From a security perspective, the Pfeiffer team relies on six MX security appliances, with two MX400s deployed at the Charlotte campus, two MX600s at the Misenheimer, NC campus, and 2 MX100s at the Raleigh, NC campus. Along with firewall rules on the access points, the security appliances are configured with traffic shaping and content filtering for P2P and websites associated with malware. Not only has it been easier to configure and manage VLANs, but the team has been able to prioritize VoIP and traffic from their learning management system (LMS) seamlessly on the network as well, ensuring constant uptime for students. One of the team’s favorite features is the site-to-site VPN, which they were able to configure with just a few clicks.
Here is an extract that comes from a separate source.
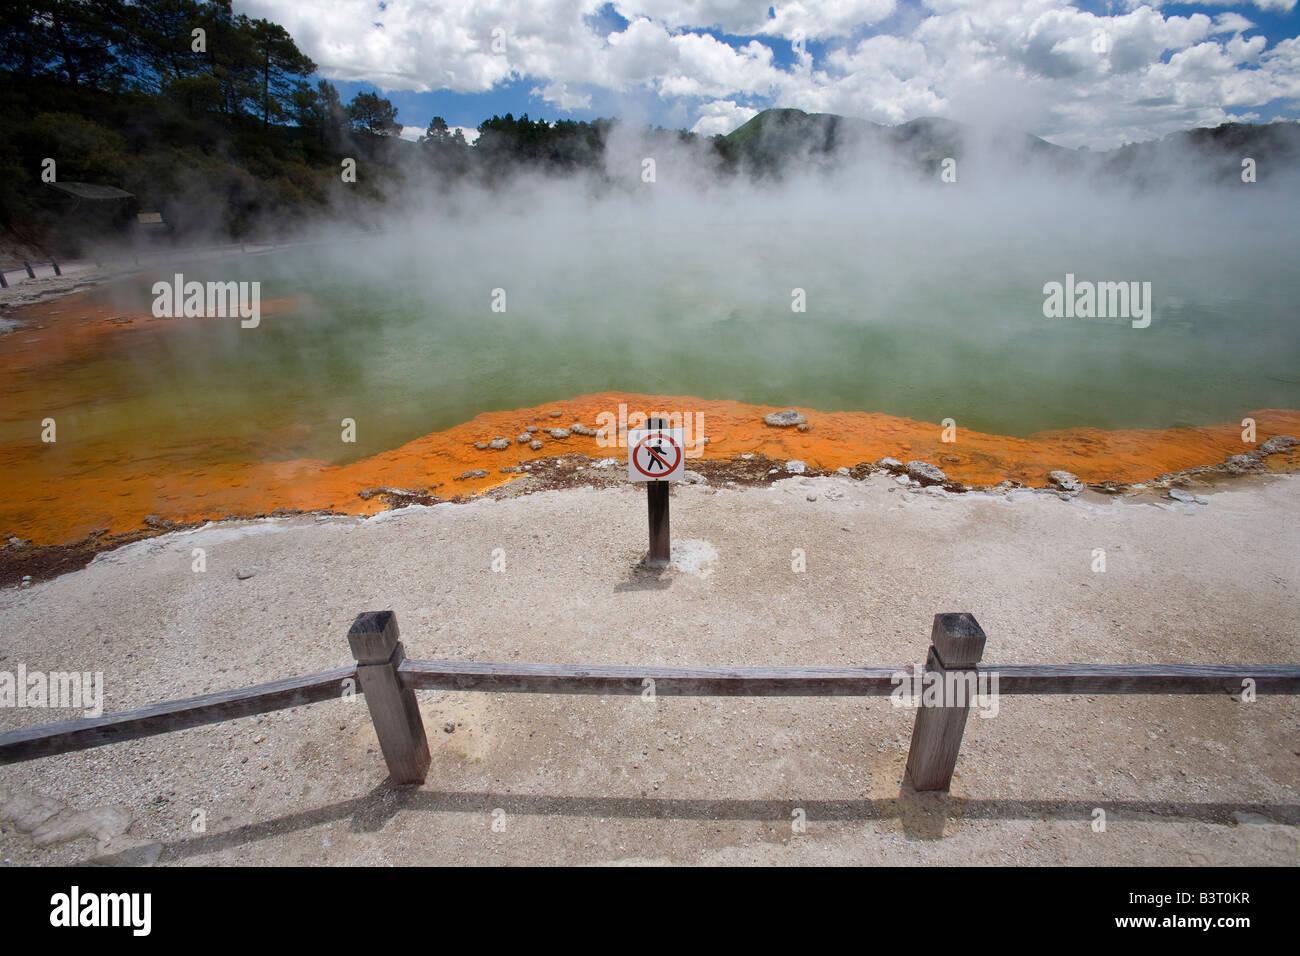 Champagne Pool, Wai-O-Tapu, North Island, New Zealand - Stock Image
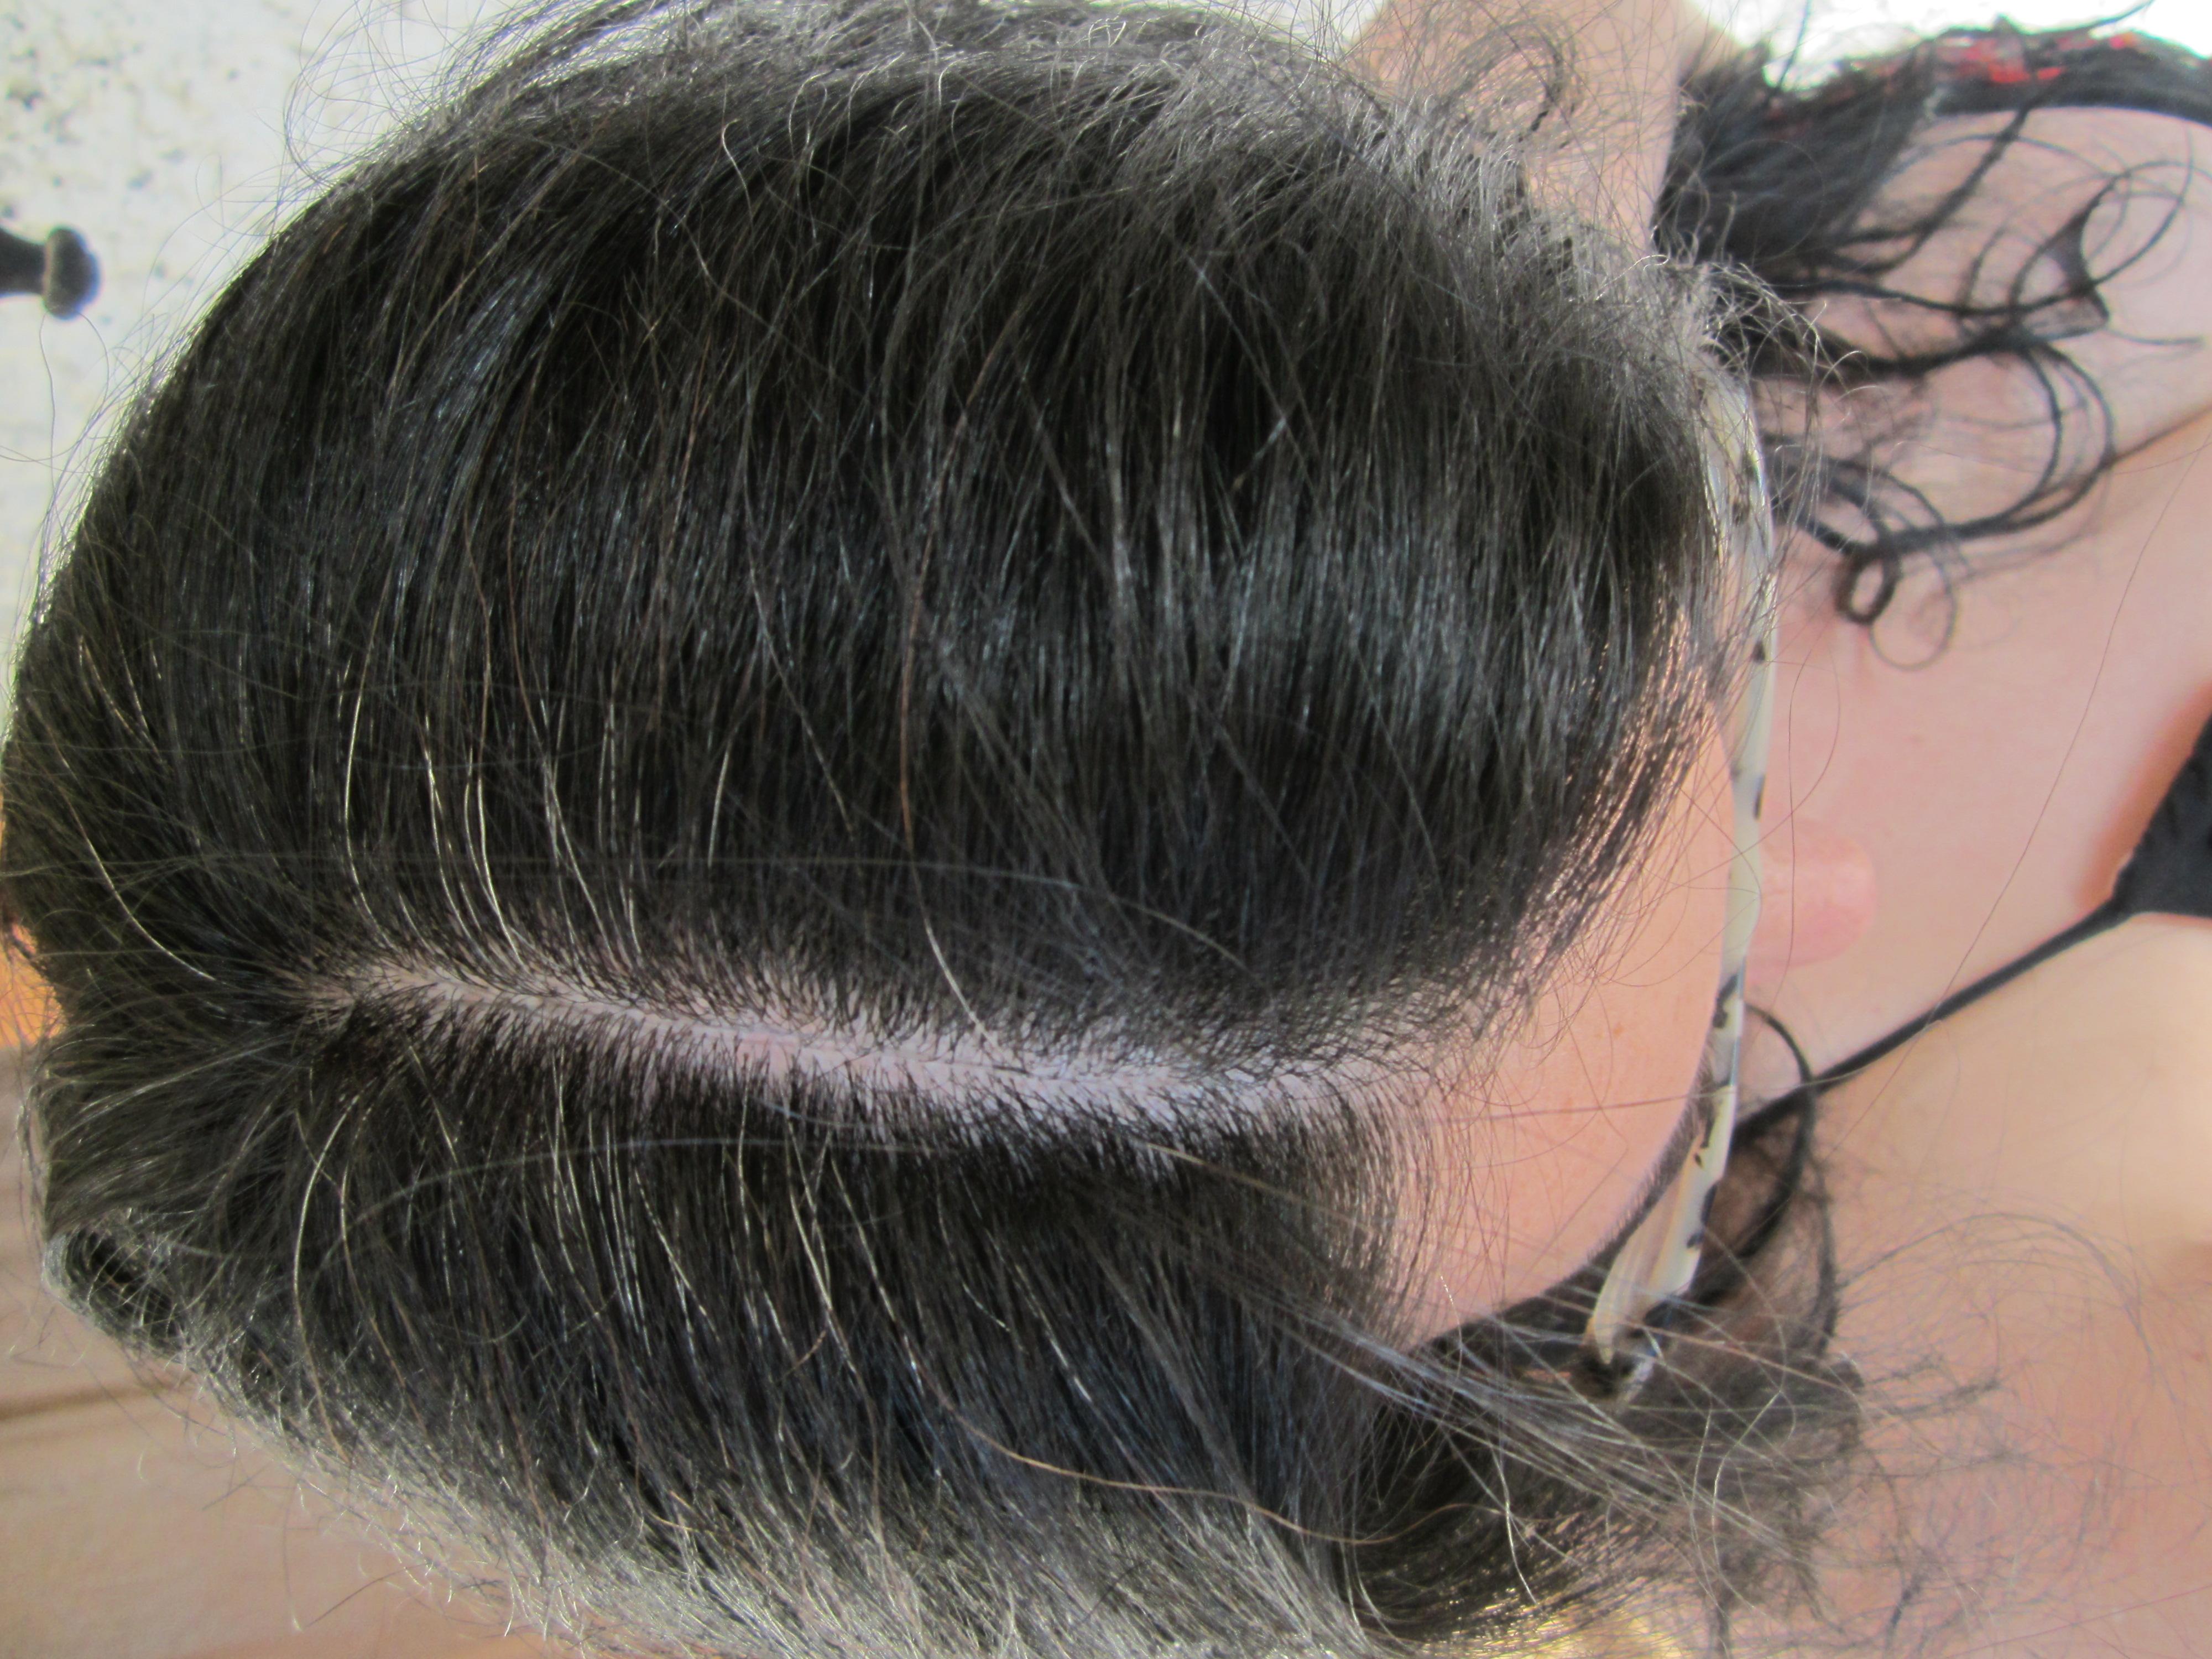 El aceite bate a la caída de los cabello las revocaciones

Using the remote troubleshooting and management features have been extremely simple for all Meraki product lines and have provided a “reliable environment for faculty, staff, and students,” according to Dr. Russell. Scott Perry, Operations Manager for the Office of Digital Transformation and Technology, shared that the team is “thankful to have Meraki. We’re able to log into the dashboard and see everything in one spot. You can make changes on the fly, whereas with our old technology we had no centralized management and had to SSH into each product, one at a time.”
Future plans for the Pfeiffer University team focus heavily on expanding their wireless reach. They hope to accomplish this by replacing old access points with new Meraki APs at the Misenheimer campus, configuring an additional SSID for guest access, and potentially deploying APs in dorms and outdoor areas. The DTT team loves their Meraki deployment, with Dr. Russell concluding, “We have a really great, robust network and it’s exactly what we needed.”